In spite of being wounded in battle, Lieutenant Colonel A B Tarapore fought for six days before meeting a hero's death on the battlefield in the 1965 war.
A legend in the Indian Army, he is the highest ranking officer to be awarded the Param Vir Chakra.
His daughter Zarine M Boyce, who was 16 when her father died, remembers an extraordinary soldier and a father she lost too soon.
Archana Masih/Rediff.com met the hero's daughter at her Pune home.

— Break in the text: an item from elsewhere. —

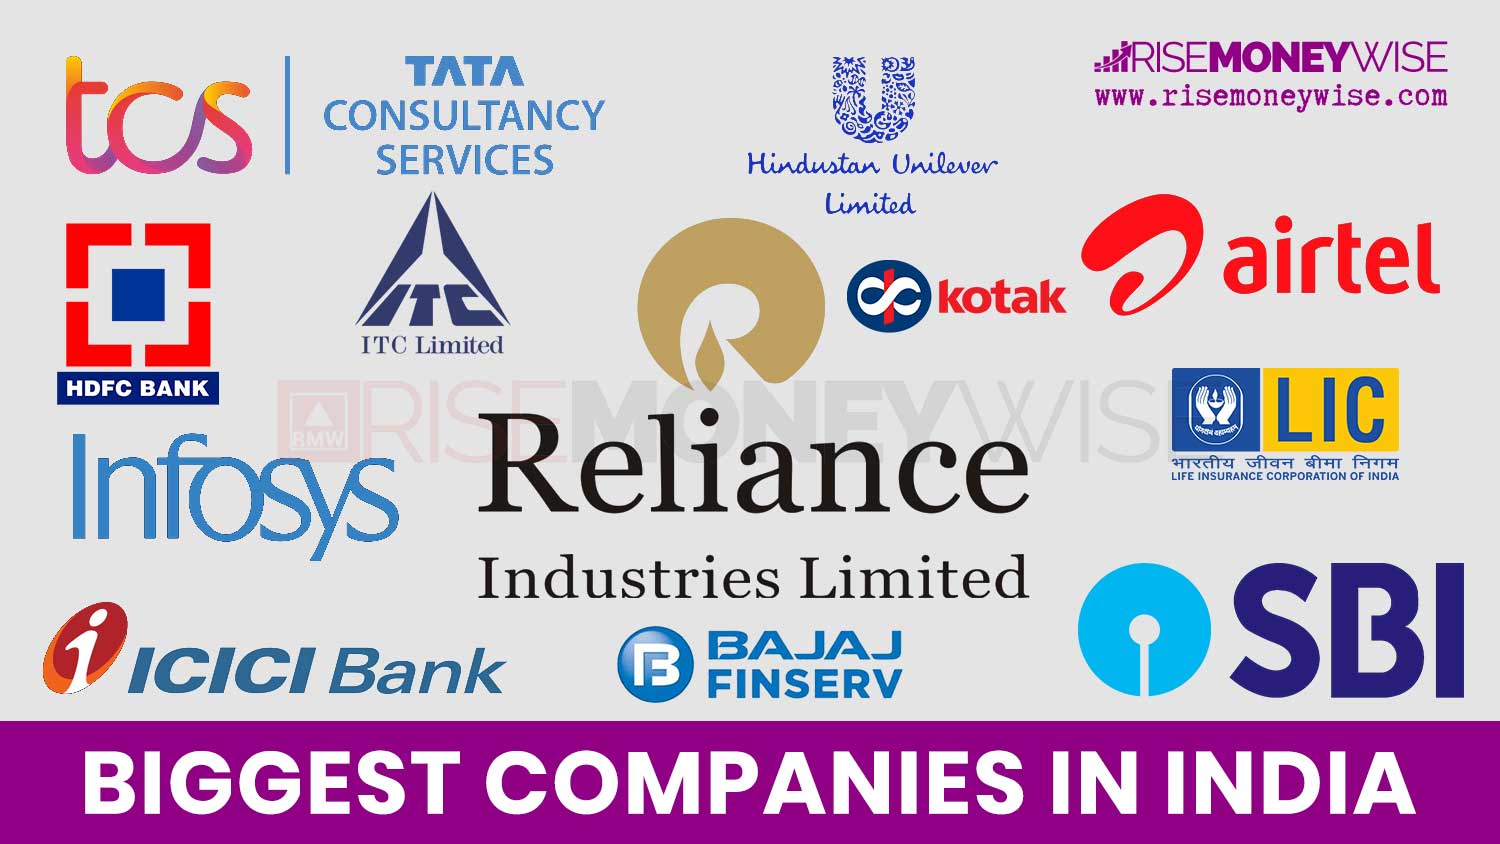 Biggest and Most Valuable Companies in India

"I remember so well the night they got their orders to move. I was 16. The Poona Horse (Lieutenant Colonel A B Tarapore's regiment) had won an inter regimental tournament and there was a celebratory party in the Officer's Mess.
It was the first time I was allowed into a party. I remember dancing with my father when his adjutant, Captain Surinder Singh, tapped him on the shoulder and my father went in.
Captain Jasbir Singh came and took his place. Unfortunately he too died in the same shell attack that killed my father.
Soon after, we were told that the party was over and we should go home. This must have happened at 10 pm. Around 2, 3 in the morning, we heard the tanks moving out.
They were given orders to load and leave, but there was a wall blocking the route to the road and if they circumvented it, they could have missed their boarding time.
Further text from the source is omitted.